Updated diagram for reference:

1 Like

So how is this progressing? Are you able to test your theories on some test bed? I’ve been away for a couple of weeks with my head under the sand attacking similar problems.

This is what I am going with at the moment. You have the distal depolarization caused by the sensory context and the apical depolarization caused by the reward circuitry (reinforcement layer). There is a main layer in my architecture that takes apical input from reinforcement layer and distal input from sensory layer. Reinforcement layer is fed by this main layer (both distal and proximal dendrites) and TD lambda values are computed on the resulting neurons of reinforcement layer. So the activation on reinforcement layer represents the “value” of the activation in the main layer using its context too. Unlike normal temporal memory, the apical dendrites between these two are modified with the error signal of the TD (strengthen/create if the error is positive and weaken/destroy if it is negative). Reinforcement layer depolarizes main layer based on reward and sensory layer depolarizes main layer based on sensory information for the next step. If both depolarization overlap, those neurons are activated which are connected to some motor outputs. Additionally, I have two reinforcement layers mimicking the Go and No-Go circuits in Basal Ganglia (Striatum D1 and D2). The synapse adaptation rules are the exact opposite. So the resulting activation on the main layer avoids and activates motor commands simultaneously. The main idea was to have the capability to also avoid things.

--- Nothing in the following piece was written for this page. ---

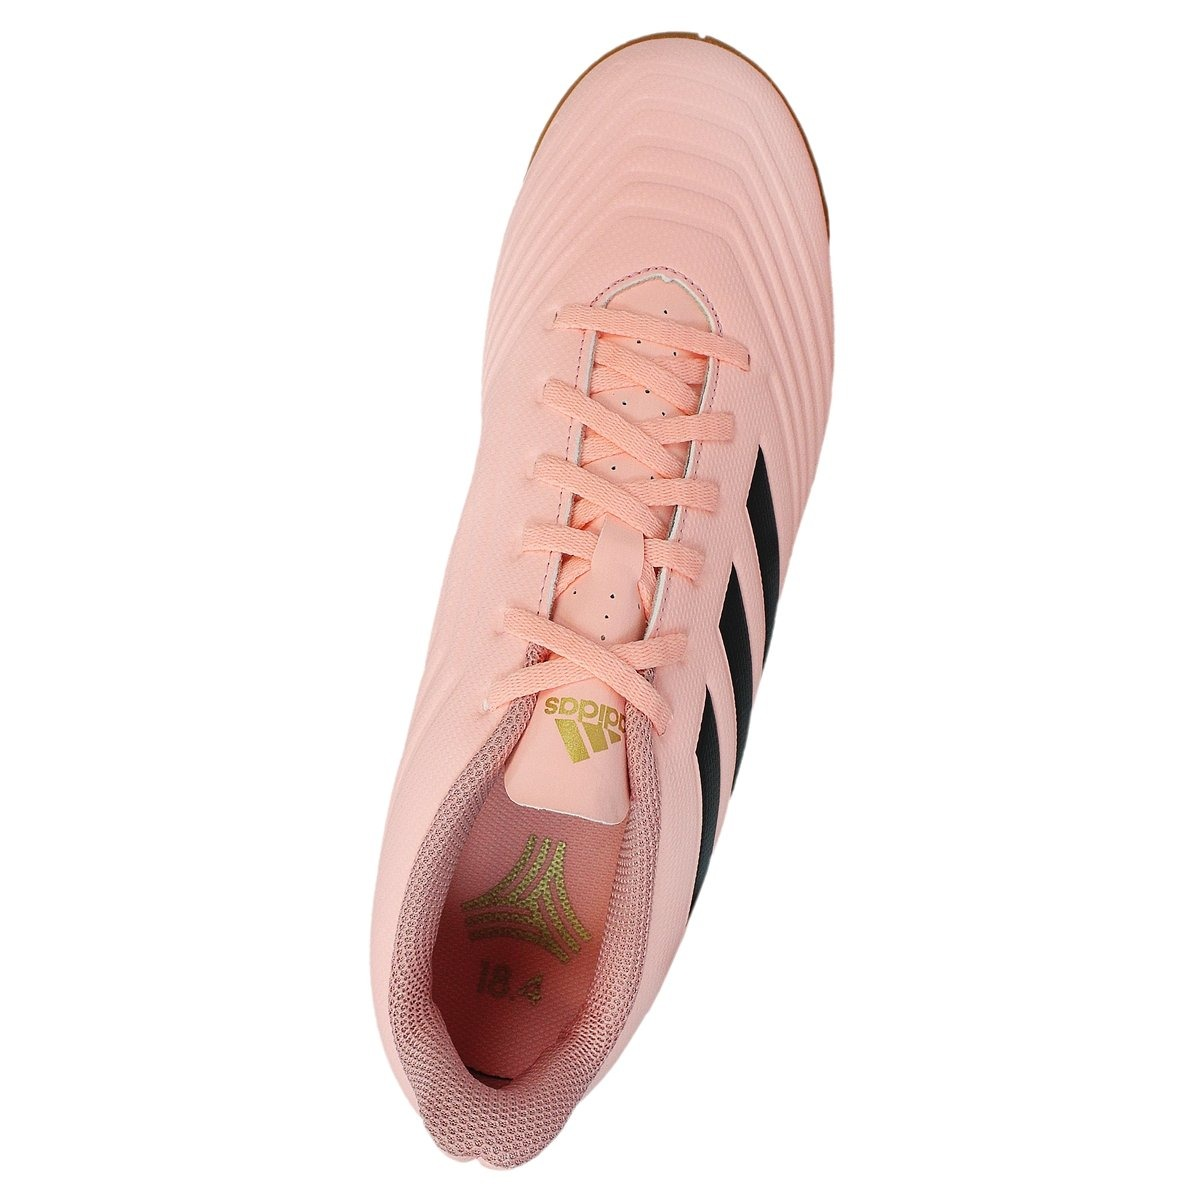 e4c0021d26206 chuteira futsal adidas predator 18 tango 4 | radan esportes. Carregando  zoom.

The experiments I conducted lead me to believe that without some sort of avoidance you cannot reduce the search space to try for better motor commands among all the unnecessary ones. As result the agent gets stuck in behavior loops trying to get rid of learnt unnecessary (sometimes cyclic) actions and rebuilding them some time later.

A potential pitfall with a “chosen” activation is trying to make it meaningful. A chosen activation would have columns from a lot of different “real” activations. As a result, you either have to converge this “imaginational” activation to the closest “real” activation or somehow resolve the conflicts on this chosen activation because there will be contradicting/implausible groups of columns on the same chosen activation.

The solution I went with is to use the reward signal (error in TD lambda) in a different way. Rather than using state values to boost columns, the error signal can be used to create and modify synapses between motor/sensory layer and reinforcement layer. It becomes more complex but gets rid of the problems introduced with chosen activations.

By the way I could not really grasp the exact architecture of yours from the diagrams. For example does the reinforcement layer’s sole input come from motor layer? If so what is the reasoning?
Thanks for sharing your progress.

1 Like

Yes, it is coming along well. I’ve taken a slight detour to tighten up my forward-looking temporal pooling implementation (about to finish that off today – I’ve gotten it pretty stable at this point). I should have a proof of concept done soon (will probably be additional issues to deal with once everything is hooked up).

I’ll draw up some diagrams to explain my proposed solution to this better when I get it working. At a high level, what I am working with now is to make it so adjacent columns in the motor layer inhibit each other, and are hooked up to motor commands as actions and non-actions. One will always win out over another (with the scores being input by the SP).

What this means is that there will always be an explicit representation of each potential command. For example say the possible motor commands are Up, Down, Left, Right, A, B, and any combination of them. The representation in the motor layer will always represent an exact state of each of those commands. For example, “NOT Up, NOT Down, NOT Left, Right, A, NOT B” might be the command to make Mario jump to the right. The columns for “Not Up” and “Up” can never both be chosen simultaneously.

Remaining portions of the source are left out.